— Так вот дед мой им сведения передавал. И через них — штабу Западного фронта. По этим сведениям наши разгромили немецкий аэродром под селом Ватулино, артиллерийский склад и штаб полка в Можайске. В общем, много чего сделали! А отец у меня летчиком всю войну…
Шубейка на мальчишке, как заметил Александр Петрович, недорогая, с дешевым воротником, а шапка хорошая, только потертая от времени и страшно большая: на лоб и уши налезает. Видно, не своя, отцовская. И портфель дерматиновый, куда он только что совал шишки, незастегнутый, распухший, не новый, мятый, потрескавшийся.
Птицы лесные вспорхнули с тропки. Александр Петрович узнал только двух снегирей, а мальчишка сразу:
— Смотрите, зеленушки, коноплянки, дрозды, снегири…

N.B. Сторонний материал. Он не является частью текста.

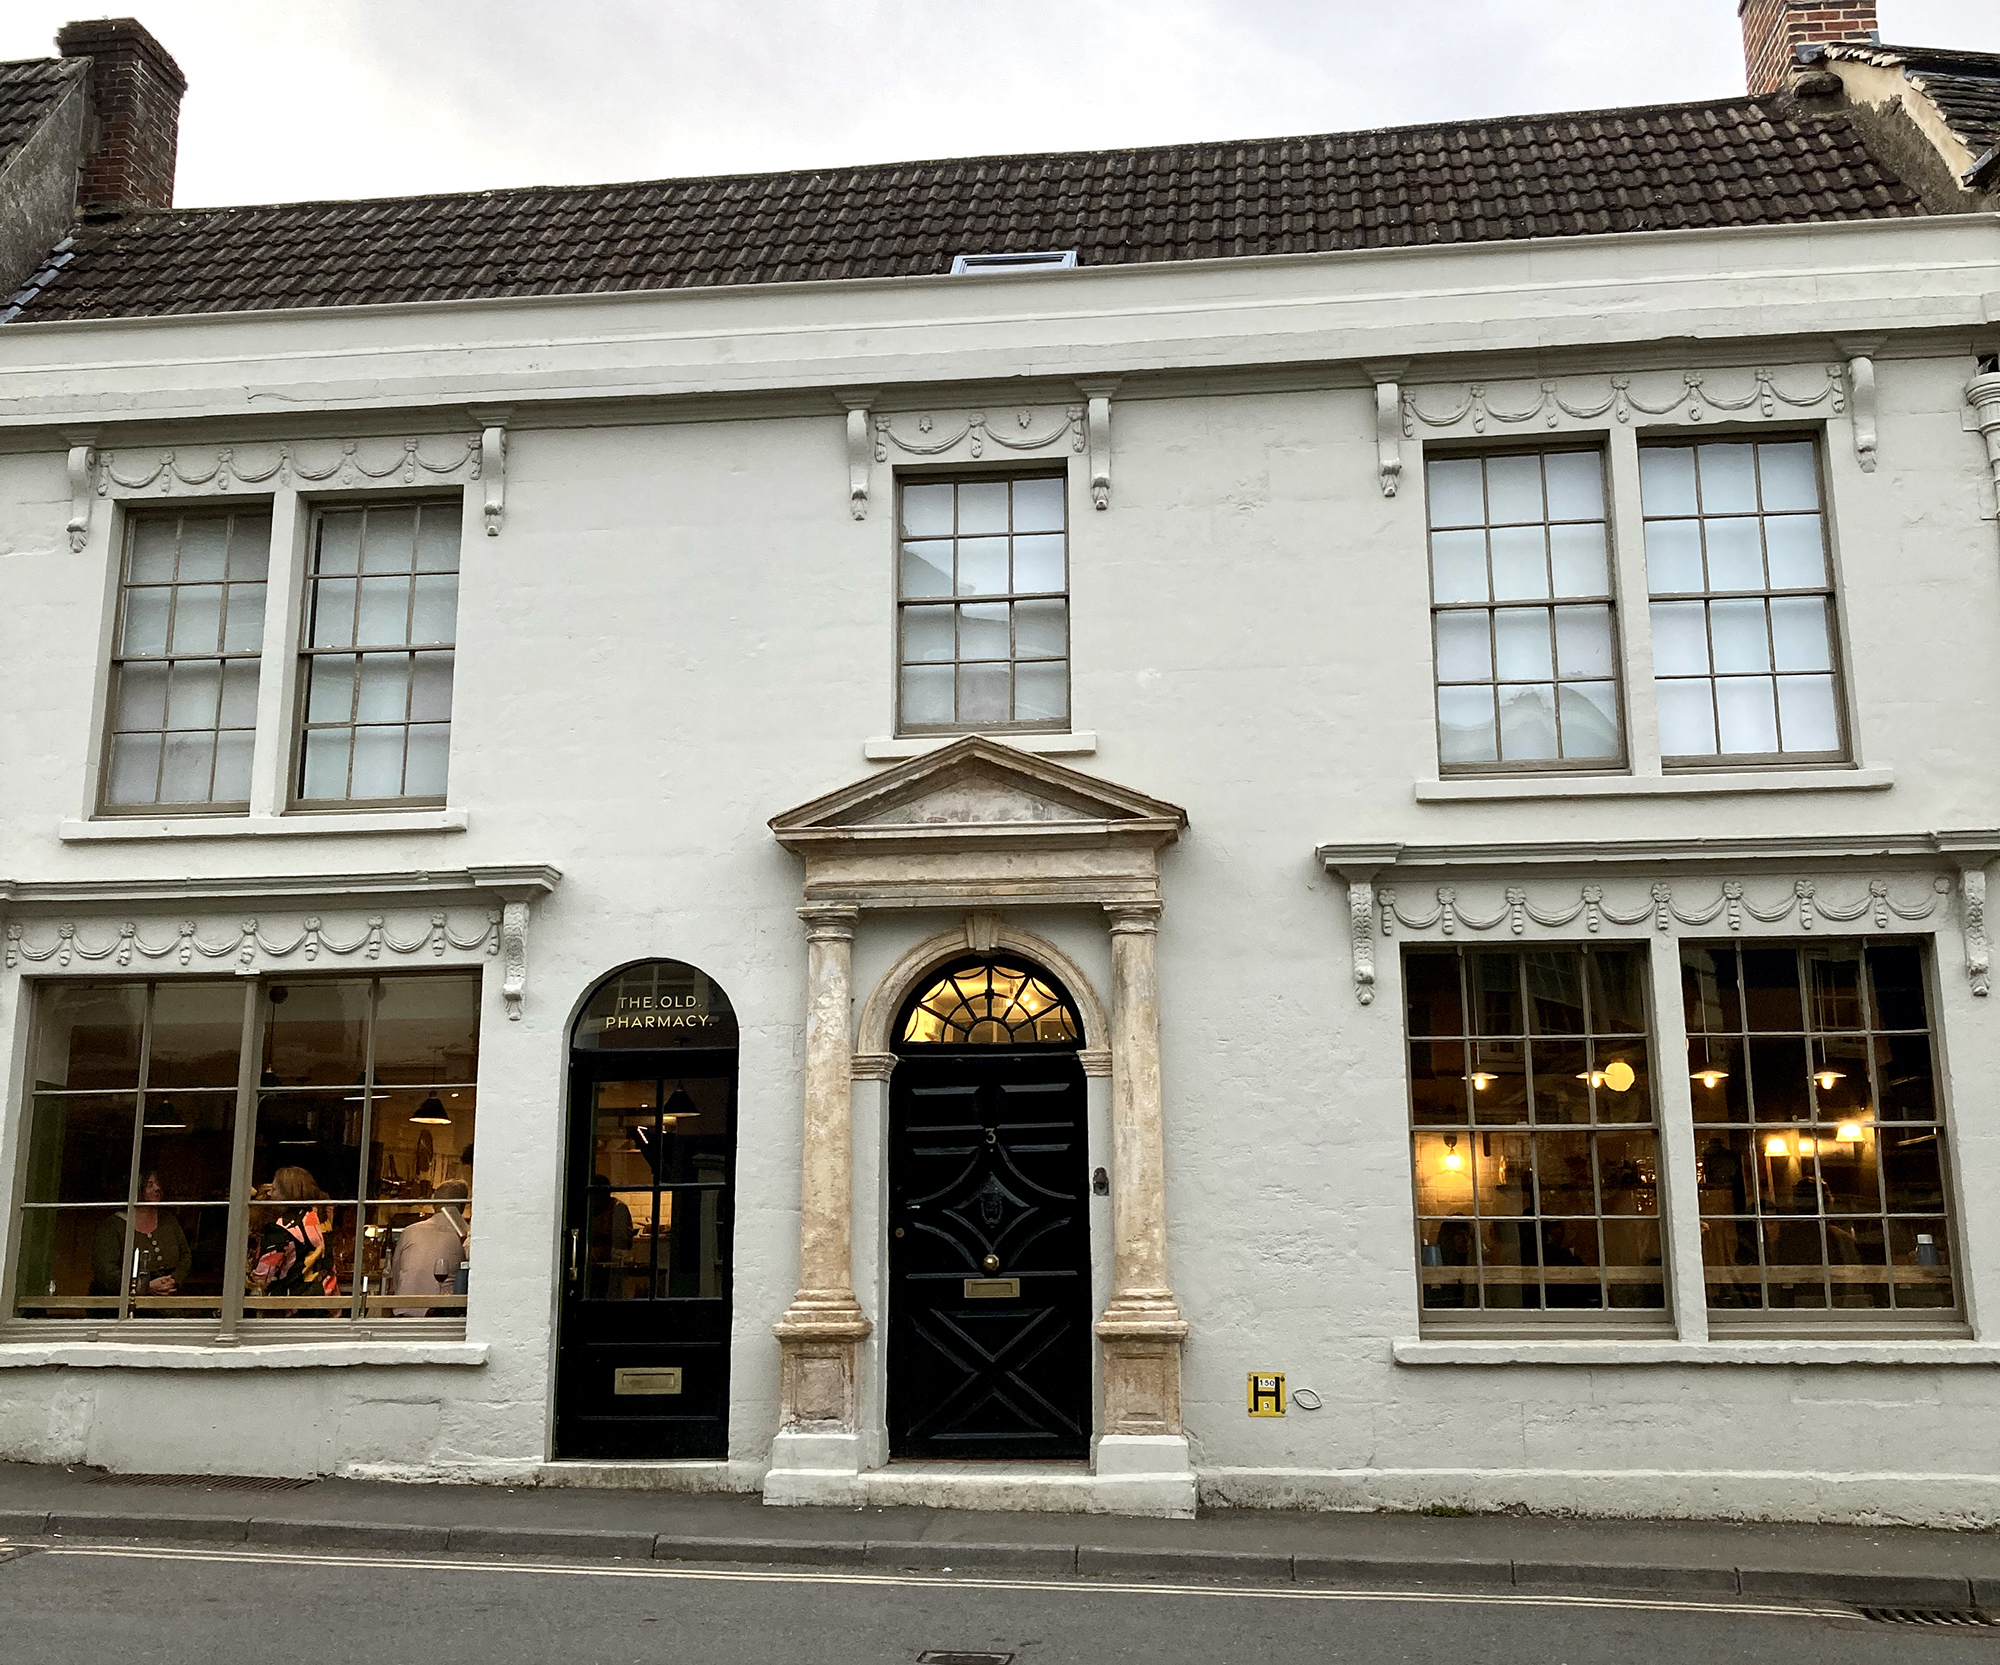 Travel bites: why Bruton is the perfect overnight stop

— А я думал, что все, кроме снегирей, воробьи, — пошутил Александр Петрович.
— Нет, воробьи ближе к жилью тянутся, их в лесу не встретишь, — сказал он. — А вы знаете мину-сюрприз? — вновь перескочил он с птиц на войну. — Ну, в коробочке «Казбека», в папиросной?
— Слышал, — сказал Александр Петрович. — Ходили наши разведчики с такими по тылам немцев.
— А вот дед мой, я рассказывал вам о нем, так однажды такую мину подсунул прямо в кабинет начальника гестапо района. Правда, сам начальник не взорвался, а офицеров их много погибло…
«Вот почему он тут ходит, — подумал Александр Петрович. — Славно! Традиции отцов и даже дедов, как говорят, и все они в нем есть…»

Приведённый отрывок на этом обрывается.